--- What you need to do ---
Line by line, give the data again exactly as it appears, but without pictures.

--- Given information ---
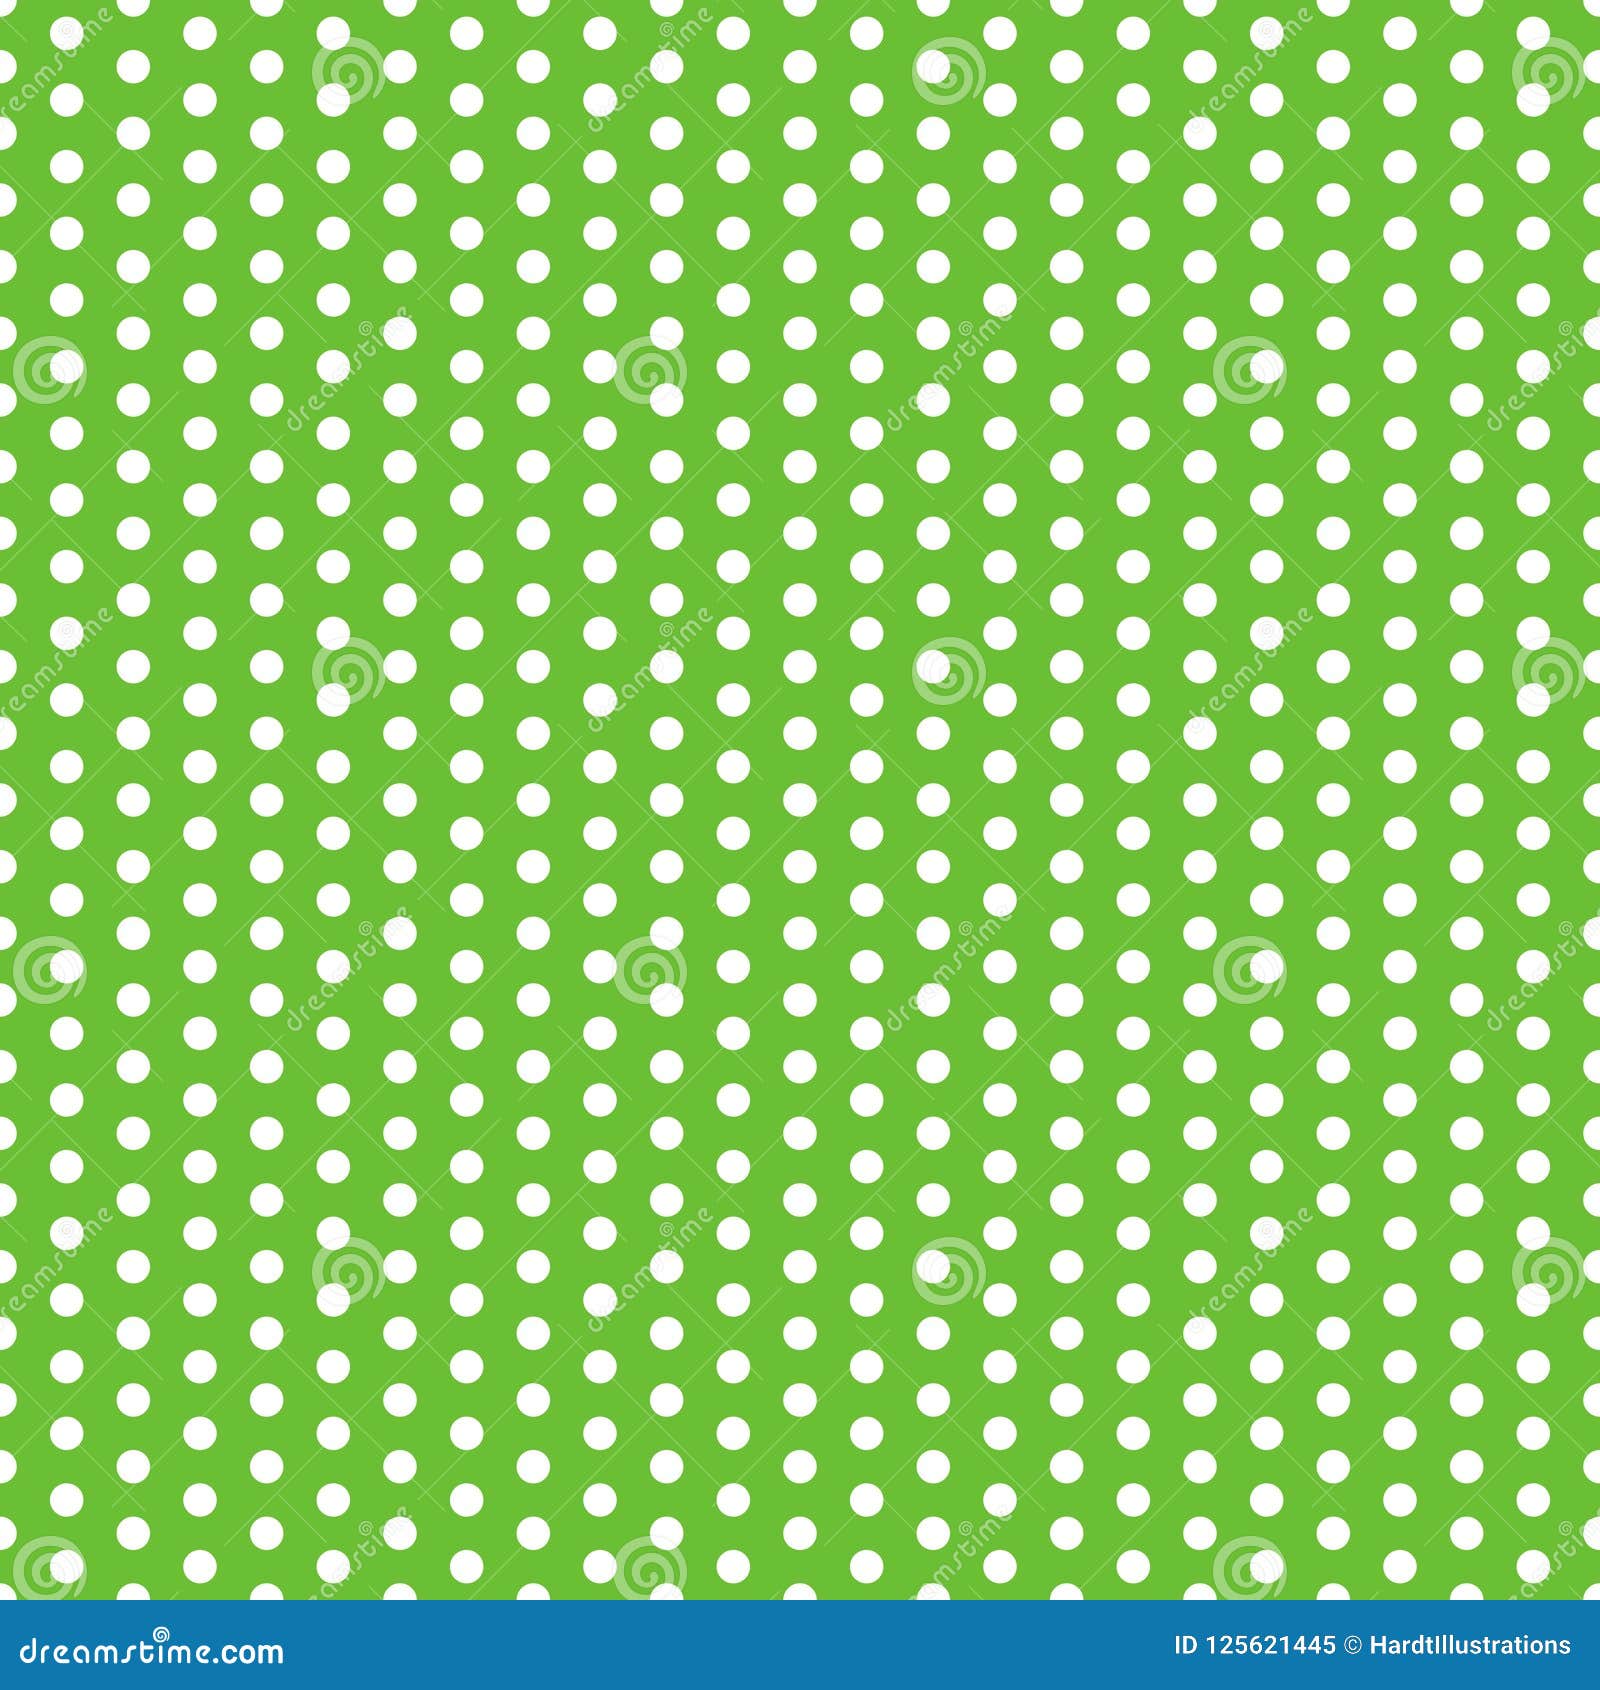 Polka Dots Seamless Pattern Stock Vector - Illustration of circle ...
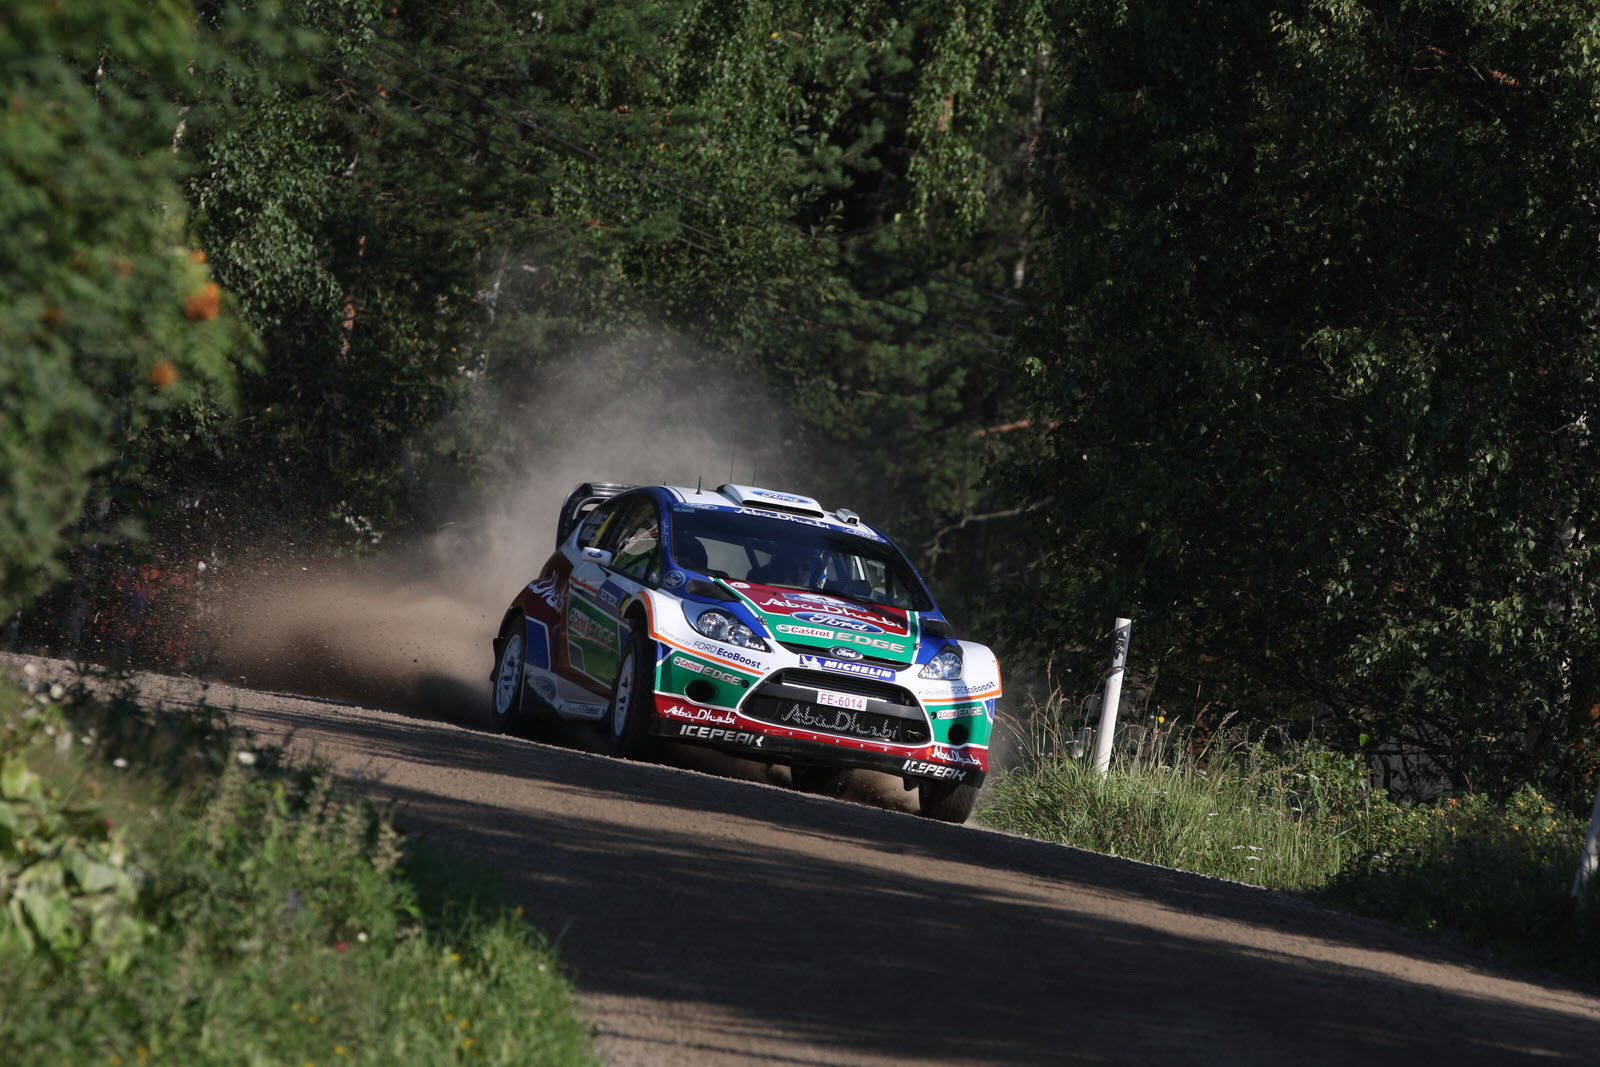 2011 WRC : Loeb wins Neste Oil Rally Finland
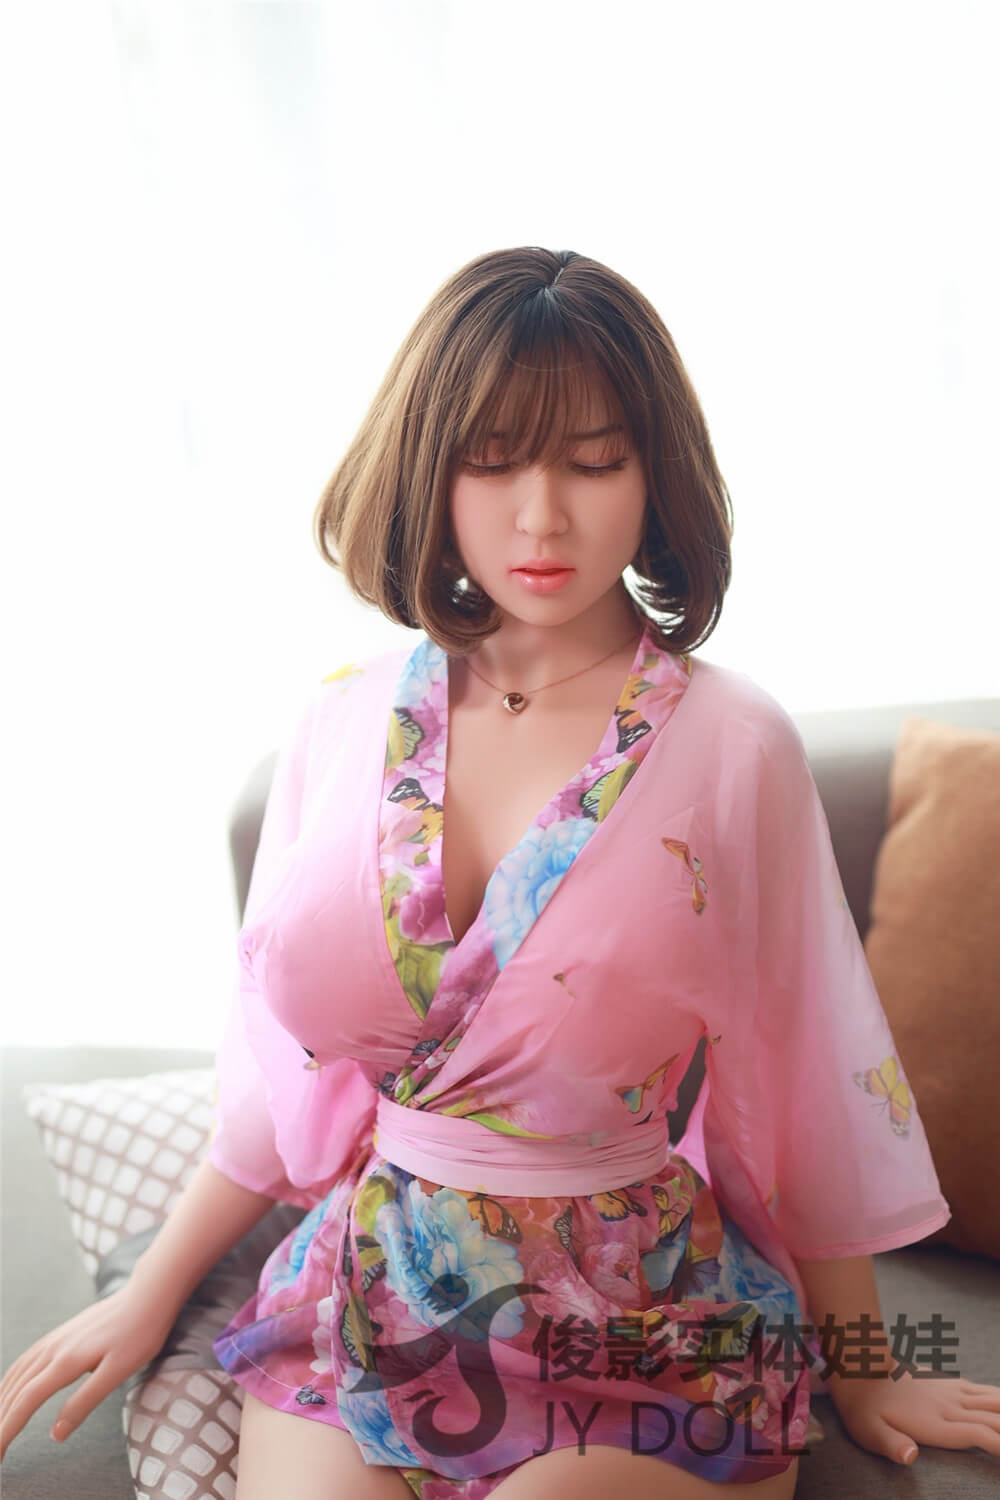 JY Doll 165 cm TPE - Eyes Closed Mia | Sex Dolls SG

--- Response ---
 Polka Dots Seamless Pattern Stock Vector - Illustration of circle ...
 2011 WRC : Loeb wins Neste Oil Rally Finland
 JY Doll 165 cm TPE - Eyes Closed Mia | Sex Dolls SG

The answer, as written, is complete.